Feature request /Discussion: JK loadbalancer improvements for high load

2007-07-04 Thread Yefym Dmukh
Hi all,
sorry for the stress but it seems that it is a time to come back to  the 
discussion related to the load balancing for JVM (Tomcat).

Prehistory:
Recently we made benchmark and smoke tests of our product at the sun high 
tech centre in Langen (Germany). 
 
As the webserver apache2.2.4 has been used, container -10xTomcat 5.5.25 
and as load balancer - JK connector 1.2.23 with busyness algorithm. 

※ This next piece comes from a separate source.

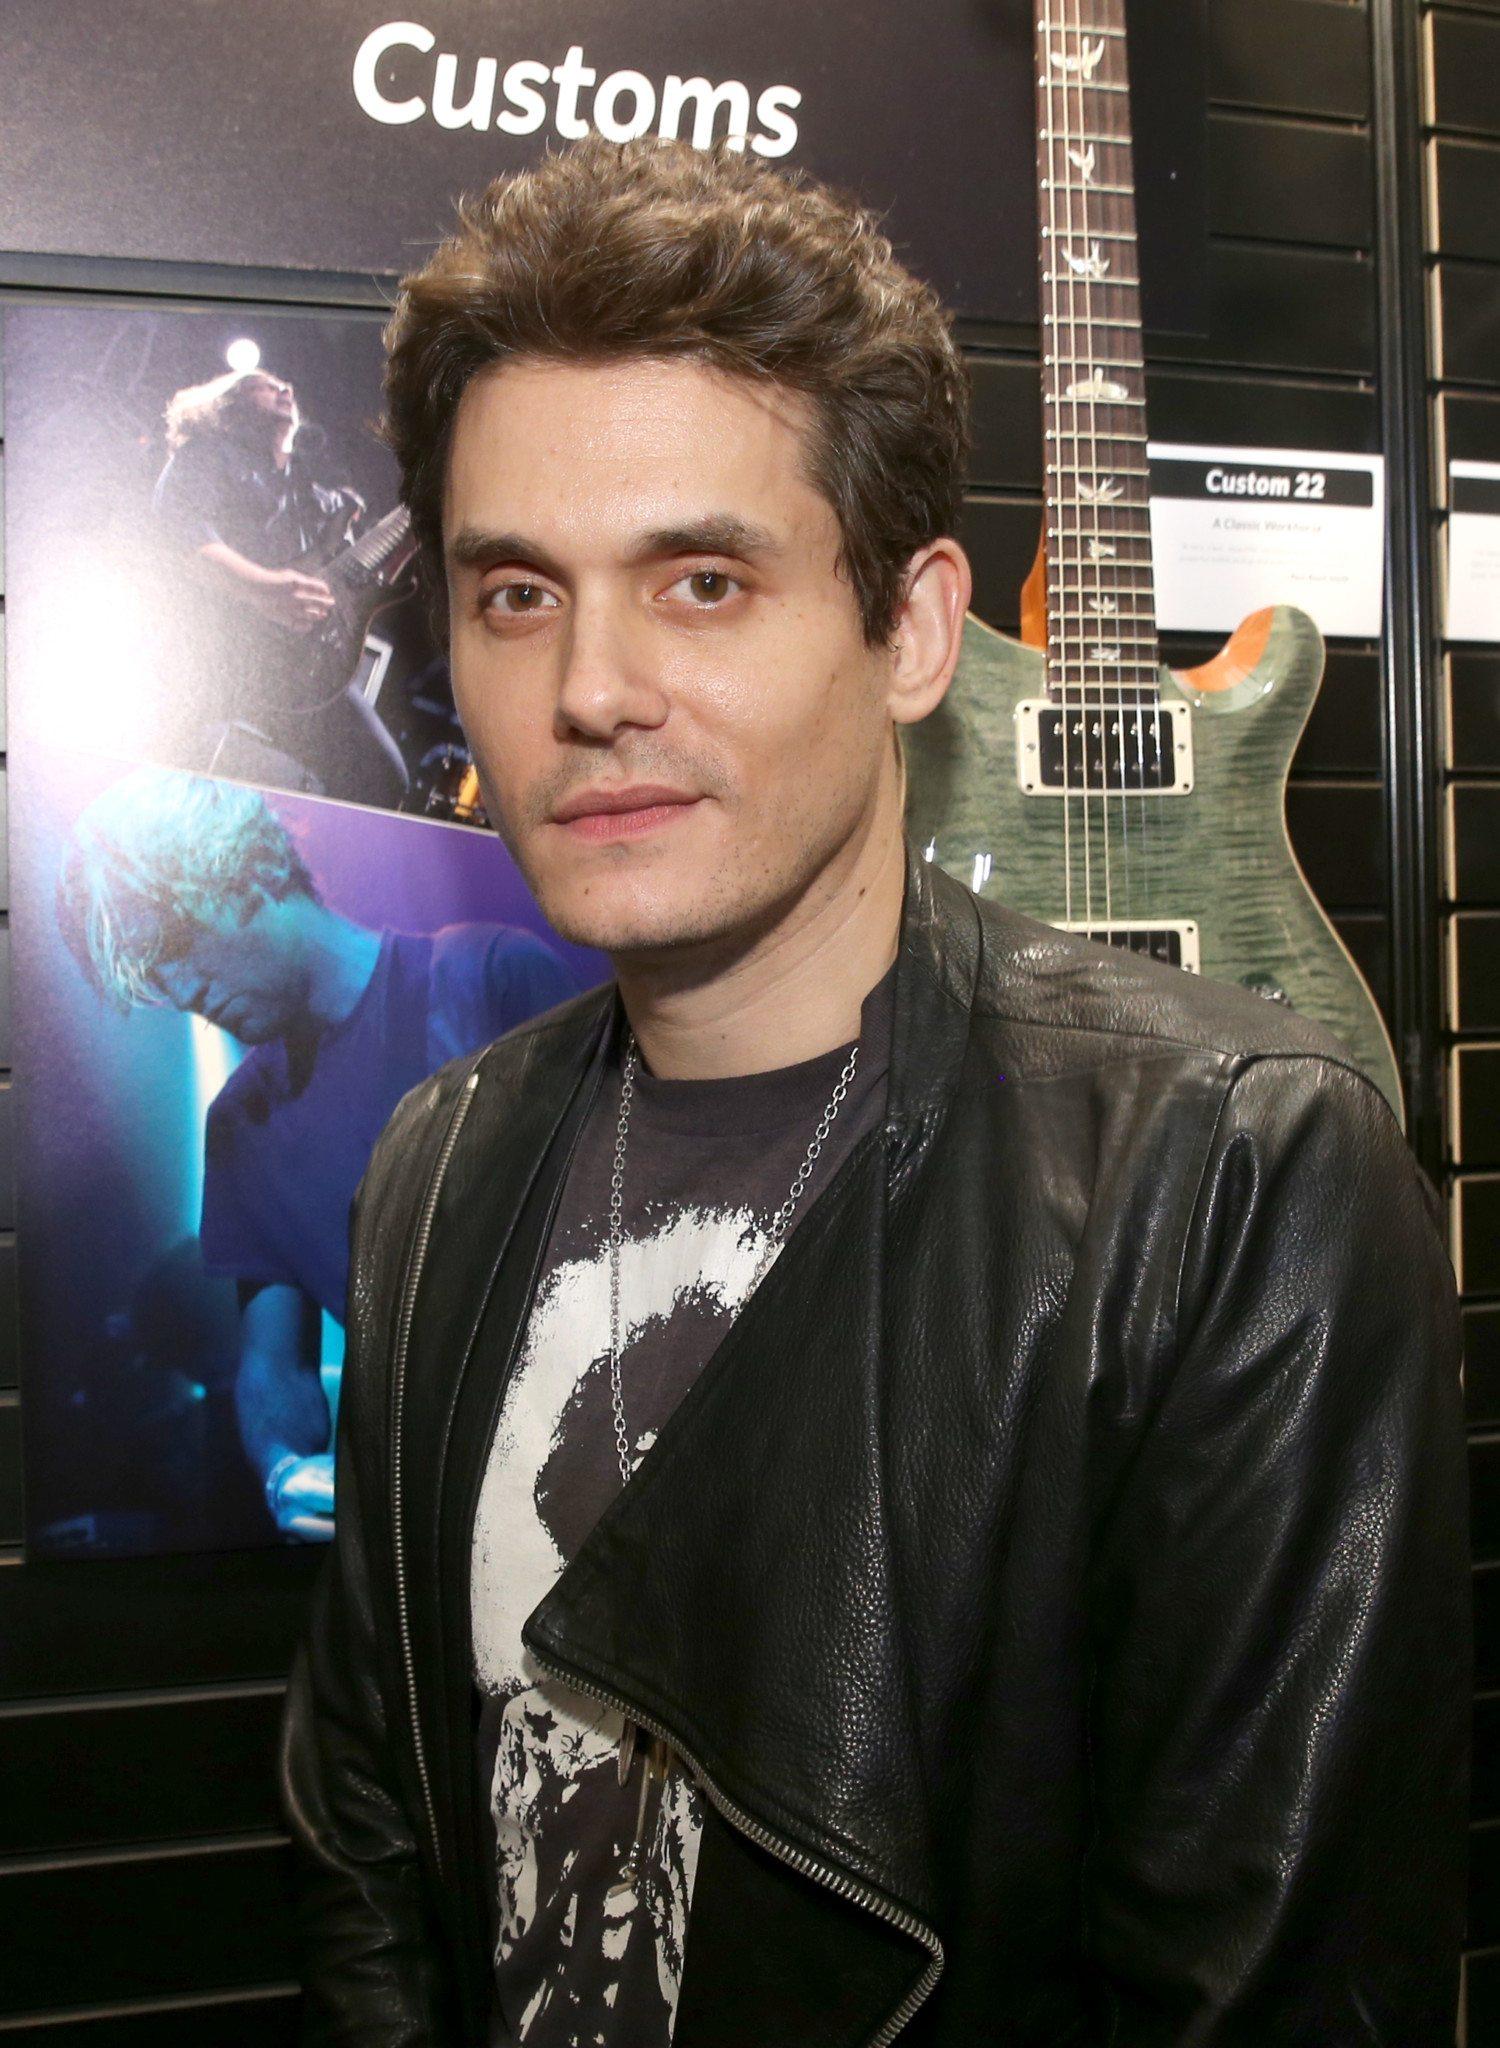 John Mayer photo

Under the high load the strange behaviour was  observed: some 
tomcat workers temporary got the non-proportional load, often 10 times 
higher then the others for the relatively long periods.  As the result the 
response times that usually stay under 500ms went up to 20+ sec, that in 
its turn  made the overall test results almost two time worst as 
estimated. 

At the beginning we were quite confused, because we were 
sure that it was not the problem of JVM configuration and supposed that 
the reason is in LB logic of mod_jk, and the both suggestions were right. 

Actually the following was happening: the LB sends requests and gets the 
session sticky, continuously sending the upcoming requests to the same 
cluster node. At the certain period of time the JVM started the major 
garbage collection (full gc) and spent, mentioned above, 20 seconds. At 
the same time jk continued to send new requests and the sticky to node 
requests that led us to the situation where the one node broke the SLA on 
response times. 

I ^ve been searching the web for awhile to find the LoadBalancer 
implementation that takes an account the GC activity and reduces the load 
accordingly case JVM is close to the major collection, but nothing found.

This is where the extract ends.